Perhaps one of the most promising aspects of this study is the identification of a potent small molecule capable of binding TDP-43 to suppress its neurotoxicity without impacting [the protein’s main localization and] function.
这项研究最有前景的方面之一,或许是发现了一种能够与 TDP-43 结合的强效小分子,在不影响[该蛋白的主要定位和]功能的情况下抑制其神经毒性。
In lab-grown human motor neurons, treatment with XL20 reduced nerve damage driven by TDP-43 clumping. And in mice with a TARDBP gene mutation (widely used as a model of ALS), XL20 treatment led to improved motor function and modest extensions in lifespan. The researchers also confirmed that XL20 treatment didn’t disrupt TDP-43’s normal activities.
在实验室培养的人类运动神经元中,XL20 治疗减少了由 TDP-43 聚集引起的神经损伤。而在携带 TARDBP 基因突变的小鼠中(这种小鼠被广泛用作 ALS 模型),XL20 治疗改善了运动功能,并使寿命得到有限延长。研究人员还确认,XL20 治疗没有干扰 TDP-43 的正常活动。
“Perhaps one of the most promising aspects of this study is the identification of a potent small molecule capable of binding TDP-43 to suppress its neurotoxicity without impacting [the protein’s main localization and] function,” the researchers wrote.

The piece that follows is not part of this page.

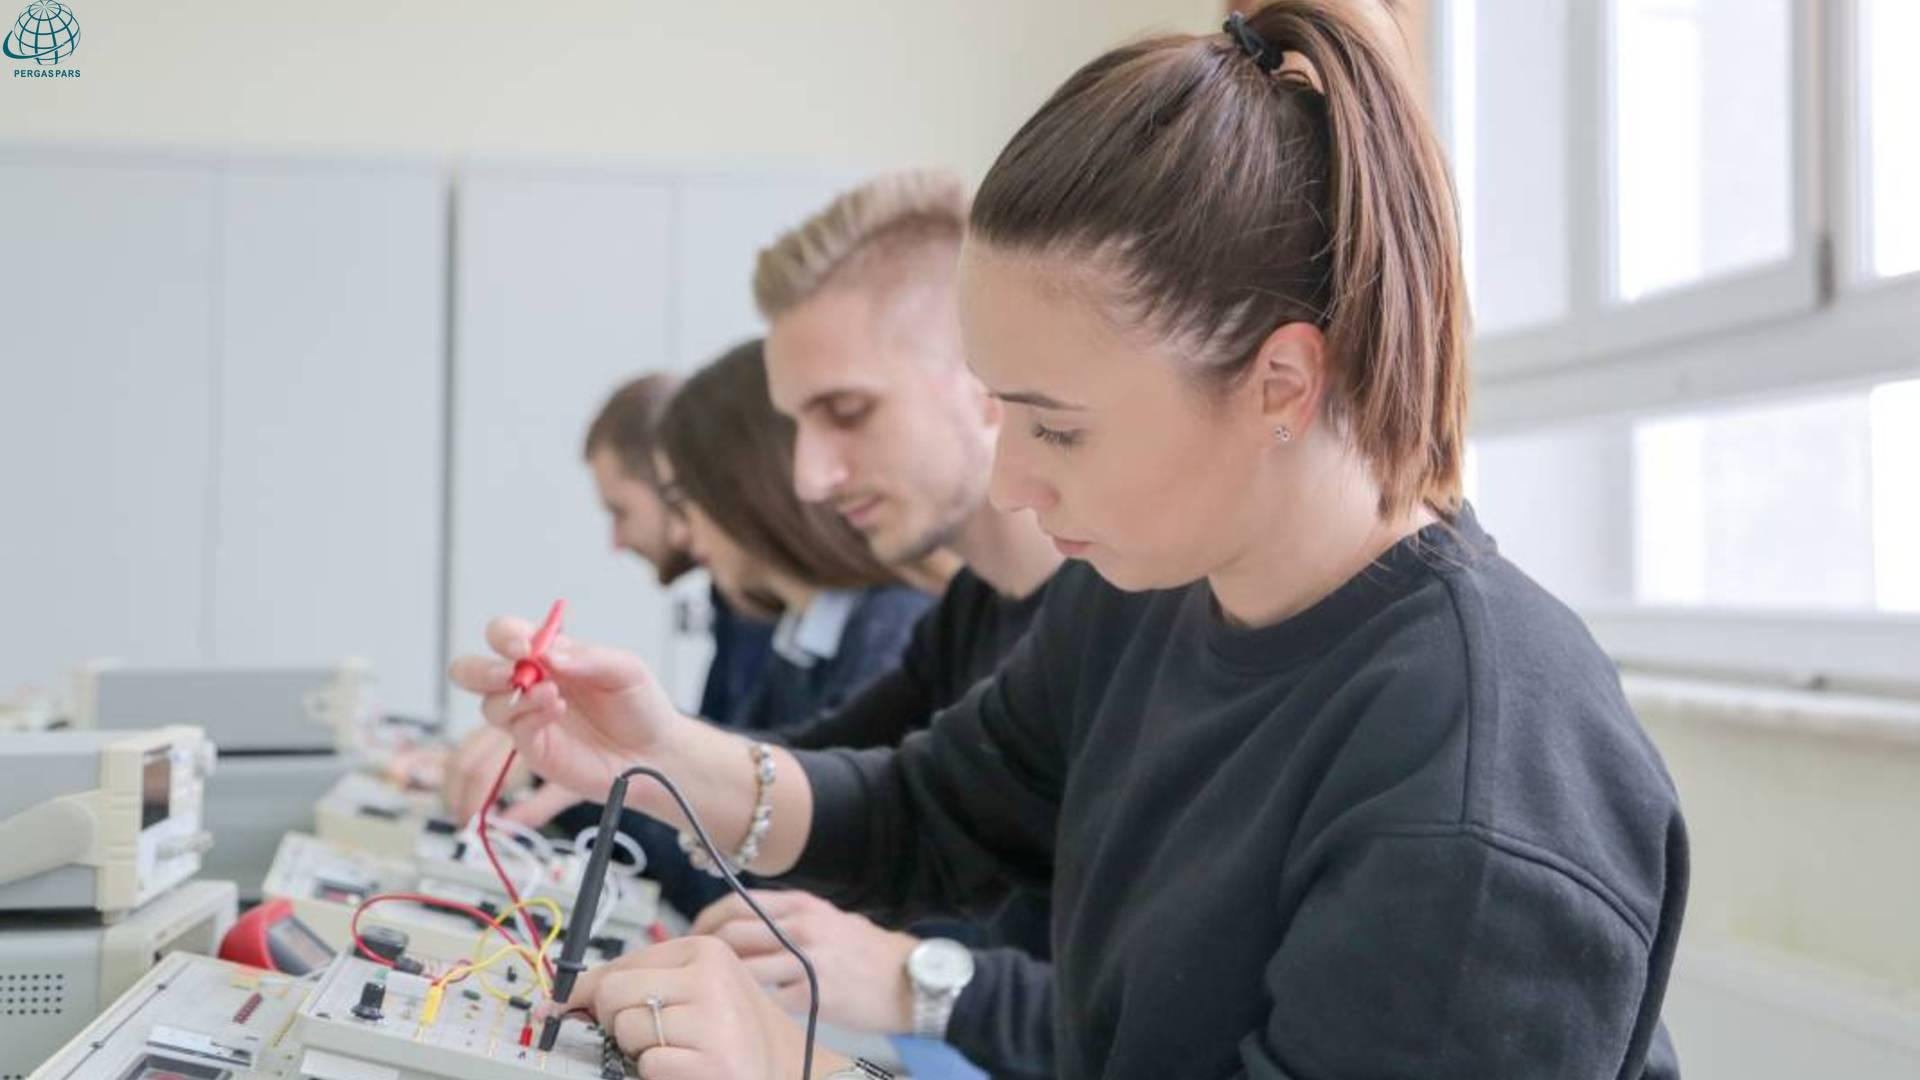 استخدام مهندس برق در استرالیا

研究人员写道:“这项研究最有前景的方面之一,或许是发现了一种能够与 TDP-43 结合的强效小分子,在不影响[该蛋白的主要定位和]功能的情况下抑制其神经毒性。”
The team said these findings position XL20 as a promising potential treatment for ALS. And because TDP-43 has also been implicated in other neurological disorders, the findings may have implications for other diseases.
研究团队表示,这些发现使 XL20 成为一种有潜力的 ALS 治疗方法。由于 TDP-43 也被认为与其他神经系统疾病有关,这些发现可能对其他疾病产生影响。
“If future studies show this approach works in those diseases as well, it could eventually benefit a much larger patient population,” Wang said.
Wang 说:“如果未来研究显示这一方法同样适用于那些疾病,那么最终可能使数量更多的患者群体受益。”